Fifty-three percent of Americans say they want Republicans — not President Barack Obama — to set the nation's agenda in the coming year, says a new Gallup poll.
The survey of 828 voters
conducted Thursday through Sunday found that only 36 percent said they wanted the Democratic president to steer the national discourse. That is down from the 46 percent who responded that way in a January 2012
In a November 2010 survey, 49 percent said they wanted the GOP in the driver's seat, compared with 41 percent for Obama.
The latest Gallup survey comes a week after Republicans retook the Senate and won the largest number of seats in the House since World War II.

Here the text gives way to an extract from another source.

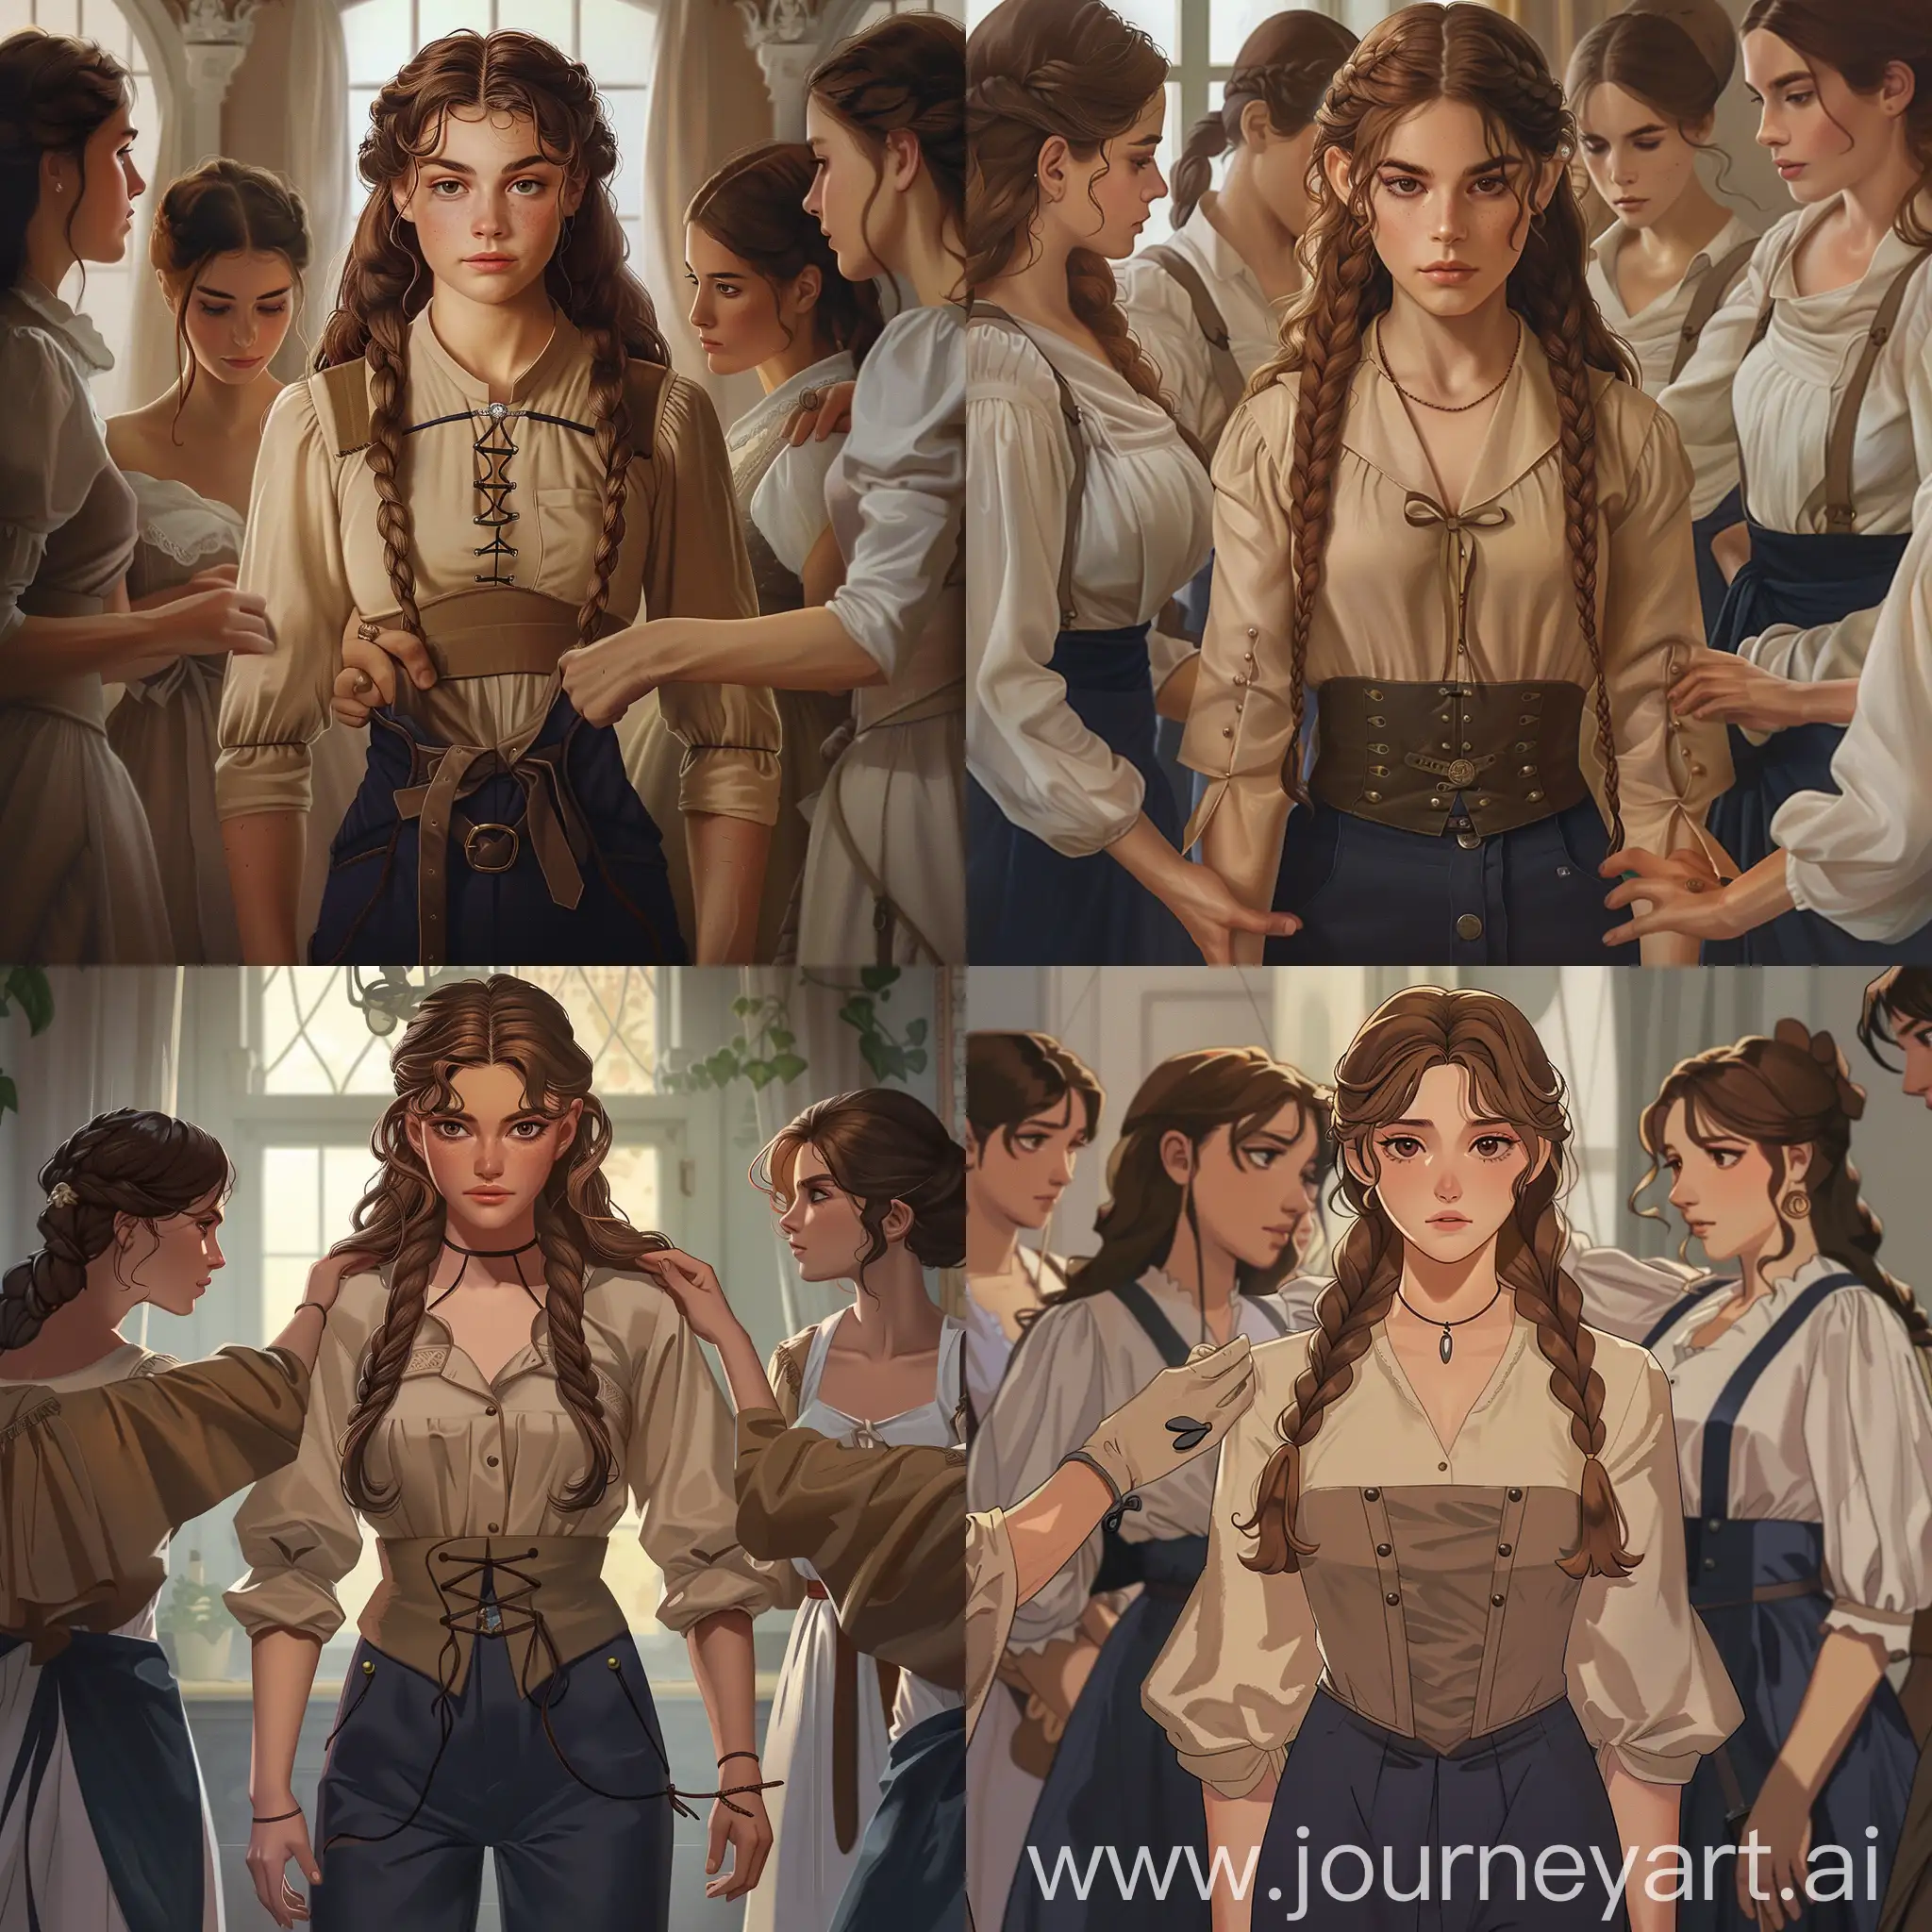 A young, brown-haired, human princess is getting ready for her first diplomatic mission. She is surrounded by her maids. She looks determined. She has long, braided brown hair; she is dressed in a beige shirt with a small corset, minimal jewellery and navy pants.

Kentucky GOP Sen. Mitch McConnell, who was overwhelmingly re-elected to a sixth term last week, will replace Nevada Democratic Sen. Harry Reid as majority leader when the new Congress is sworn in come January.
Both chambers reconvene for the congressional lame-duck session on Wednesday.

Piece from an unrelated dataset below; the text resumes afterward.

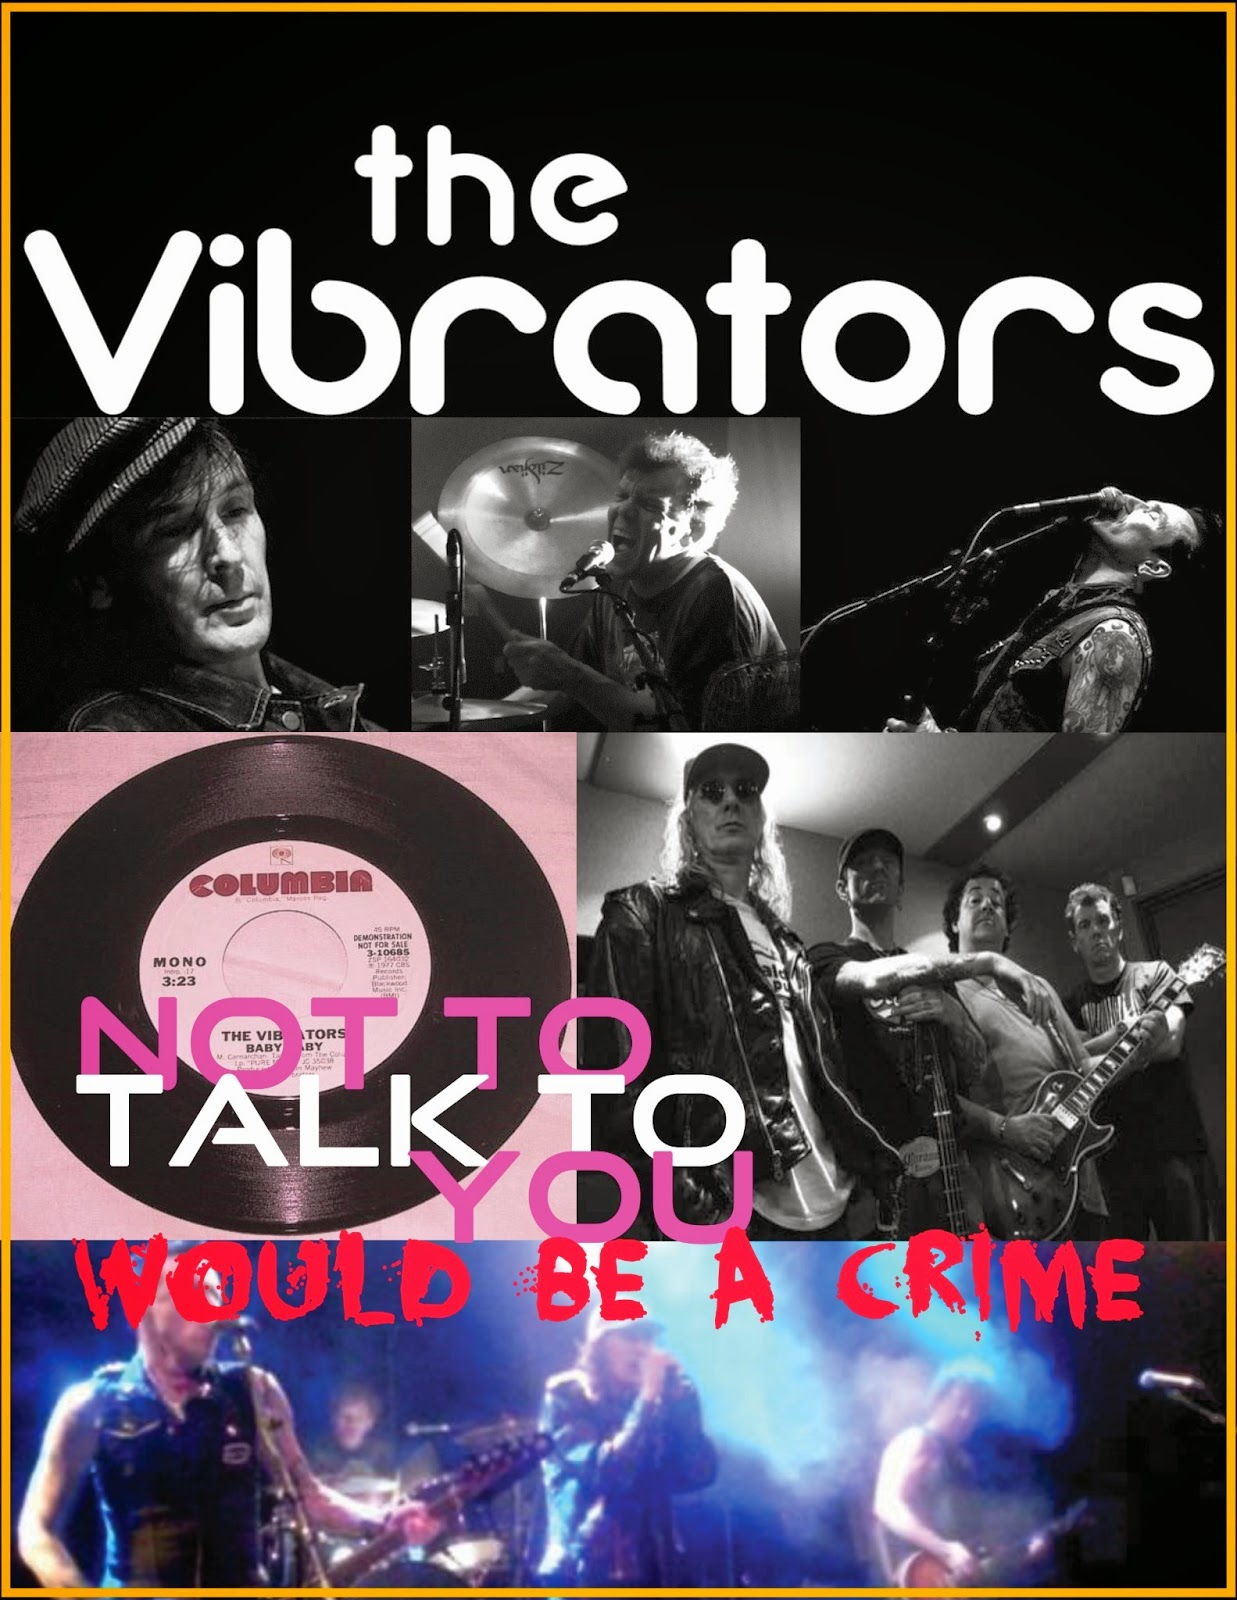 interview with a vibrator

The latest Gallup survey also found that while Americans would like to see the GOP in charge, "most are not expecting a major upturn in national conditions as a result of the Republicans' success at the polls," the polling firm said in its analysis.
While 34 percent responded that the country will be better off under Republican control of Congress, versus 19 percent who said that will not be the case, 44 percent said it won't make a difference.
"The midterm election provided a clear signal as to which party voters want to control Congress," Gallup said. "But, after four years of partisan gridlock, most Americans are not optimistic that the election's outcome will improve things."